──────── Records for this task ────────
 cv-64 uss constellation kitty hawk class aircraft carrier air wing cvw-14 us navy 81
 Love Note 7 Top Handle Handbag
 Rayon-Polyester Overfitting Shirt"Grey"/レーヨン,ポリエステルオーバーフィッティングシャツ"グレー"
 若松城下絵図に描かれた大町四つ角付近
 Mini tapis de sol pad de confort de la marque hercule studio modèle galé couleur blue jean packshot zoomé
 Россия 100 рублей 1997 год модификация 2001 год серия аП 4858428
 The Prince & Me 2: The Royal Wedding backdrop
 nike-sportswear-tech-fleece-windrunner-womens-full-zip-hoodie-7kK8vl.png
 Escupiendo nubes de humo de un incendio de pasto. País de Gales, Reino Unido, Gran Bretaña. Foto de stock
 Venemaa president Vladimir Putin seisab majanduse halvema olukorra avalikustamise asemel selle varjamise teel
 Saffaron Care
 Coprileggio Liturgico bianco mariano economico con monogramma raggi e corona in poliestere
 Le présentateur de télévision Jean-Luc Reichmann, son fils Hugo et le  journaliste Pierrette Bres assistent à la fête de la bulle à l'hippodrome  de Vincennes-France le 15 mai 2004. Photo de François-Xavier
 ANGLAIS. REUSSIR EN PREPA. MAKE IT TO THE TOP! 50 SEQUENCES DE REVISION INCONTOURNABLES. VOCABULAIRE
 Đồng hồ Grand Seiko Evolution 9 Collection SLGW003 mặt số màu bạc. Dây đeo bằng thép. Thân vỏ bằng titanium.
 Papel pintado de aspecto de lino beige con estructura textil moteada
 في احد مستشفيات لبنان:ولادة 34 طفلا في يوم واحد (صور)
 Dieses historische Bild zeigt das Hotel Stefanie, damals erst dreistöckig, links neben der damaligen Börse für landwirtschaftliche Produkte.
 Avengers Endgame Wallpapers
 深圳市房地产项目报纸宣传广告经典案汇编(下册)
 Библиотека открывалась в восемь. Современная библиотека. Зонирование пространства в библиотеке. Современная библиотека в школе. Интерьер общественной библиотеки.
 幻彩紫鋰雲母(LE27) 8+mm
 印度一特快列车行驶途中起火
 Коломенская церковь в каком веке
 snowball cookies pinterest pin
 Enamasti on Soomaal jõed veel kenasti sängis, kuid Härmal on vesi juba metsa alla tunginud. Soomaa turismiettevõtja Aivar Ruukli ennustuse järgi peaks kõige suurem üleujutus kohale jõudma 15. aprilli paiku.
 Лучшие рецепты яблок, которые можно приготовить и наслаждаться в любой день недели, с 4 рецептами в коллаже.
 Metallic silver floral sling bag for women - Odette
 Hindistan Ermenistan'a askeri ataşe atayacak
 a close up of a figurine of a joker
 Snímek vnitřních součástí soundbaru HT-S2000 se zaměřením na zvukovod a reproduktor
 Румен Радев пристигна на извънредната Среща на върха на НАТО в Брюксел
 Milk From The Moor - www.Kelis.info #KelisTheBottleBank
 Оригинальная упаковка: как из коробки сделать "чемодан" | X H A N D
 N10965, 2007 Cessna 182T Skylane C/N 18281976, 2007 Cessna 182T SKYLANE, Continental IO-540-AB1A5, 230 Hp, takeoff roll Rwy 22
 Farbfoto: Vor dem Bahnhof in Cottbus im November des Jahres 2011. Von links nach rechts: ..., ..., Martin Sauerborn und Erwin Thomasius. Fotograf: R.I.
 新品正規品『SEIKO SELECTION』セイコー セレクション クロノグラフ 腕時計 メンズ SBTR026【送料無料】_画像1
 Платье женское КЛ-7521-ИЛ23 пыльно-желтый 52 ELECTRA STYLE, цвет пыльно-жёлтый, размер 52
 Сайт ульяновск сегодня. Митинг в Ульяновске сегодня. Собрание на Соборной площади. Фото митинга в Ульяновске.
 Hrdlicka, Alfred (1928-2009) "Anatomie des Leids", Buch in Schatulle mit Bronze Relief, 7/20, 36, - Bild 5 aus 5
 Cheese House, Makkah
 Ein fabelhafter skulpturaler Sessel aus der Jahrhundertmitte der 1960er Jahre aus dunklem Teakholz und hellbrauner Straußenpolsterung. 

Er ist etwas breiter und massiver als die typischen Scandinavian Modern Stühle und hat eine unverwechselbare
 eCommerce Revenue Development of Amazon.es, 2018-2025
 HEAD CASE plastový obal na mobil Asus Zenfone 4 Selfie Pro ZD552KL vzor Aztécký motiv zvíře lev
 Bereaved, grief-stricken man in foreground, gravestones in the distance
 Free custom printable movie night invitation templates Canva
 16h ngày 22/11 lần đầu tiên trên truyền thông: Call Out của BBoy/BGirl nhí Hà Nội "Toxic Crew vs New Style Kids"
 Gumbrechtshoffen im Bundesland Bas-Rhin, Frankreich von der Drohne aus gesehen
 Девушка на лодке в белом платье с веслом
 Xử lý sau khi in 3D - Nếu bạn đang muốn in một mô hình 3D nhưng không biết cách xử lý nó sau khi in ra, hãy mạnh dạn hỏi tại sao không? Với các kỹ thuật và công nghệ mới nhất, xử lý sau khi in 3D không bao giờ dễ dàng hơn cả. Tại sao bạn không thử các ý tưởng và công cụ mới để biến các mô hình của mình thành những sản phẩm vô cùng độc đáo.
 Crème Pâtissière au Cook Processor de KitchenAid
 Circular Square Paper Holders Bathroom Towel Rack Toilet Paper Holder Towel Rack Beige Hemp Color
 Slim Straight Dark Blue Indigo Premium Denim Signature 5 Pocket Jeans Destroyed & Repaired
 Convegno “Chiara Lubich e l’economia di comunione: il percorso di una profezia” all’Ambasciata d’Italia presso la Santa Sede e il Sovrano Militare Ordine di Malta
────────
Please copy every line from the entries that includes the word "links".

Problem solution:
 Dieses historische Bild zeigt das Hotel Stefanie, damals erst dreistöckig, links neben der damaligen Börse für landwirtschaftliche Produkte.
 Farbfoto: Vor dem Bahnhof in Cottbus im November des Jahres 2011. Von links nach rechts: ..., ..., Martin Sauerborn und Erwin Thomasius. Fotograf: R.I.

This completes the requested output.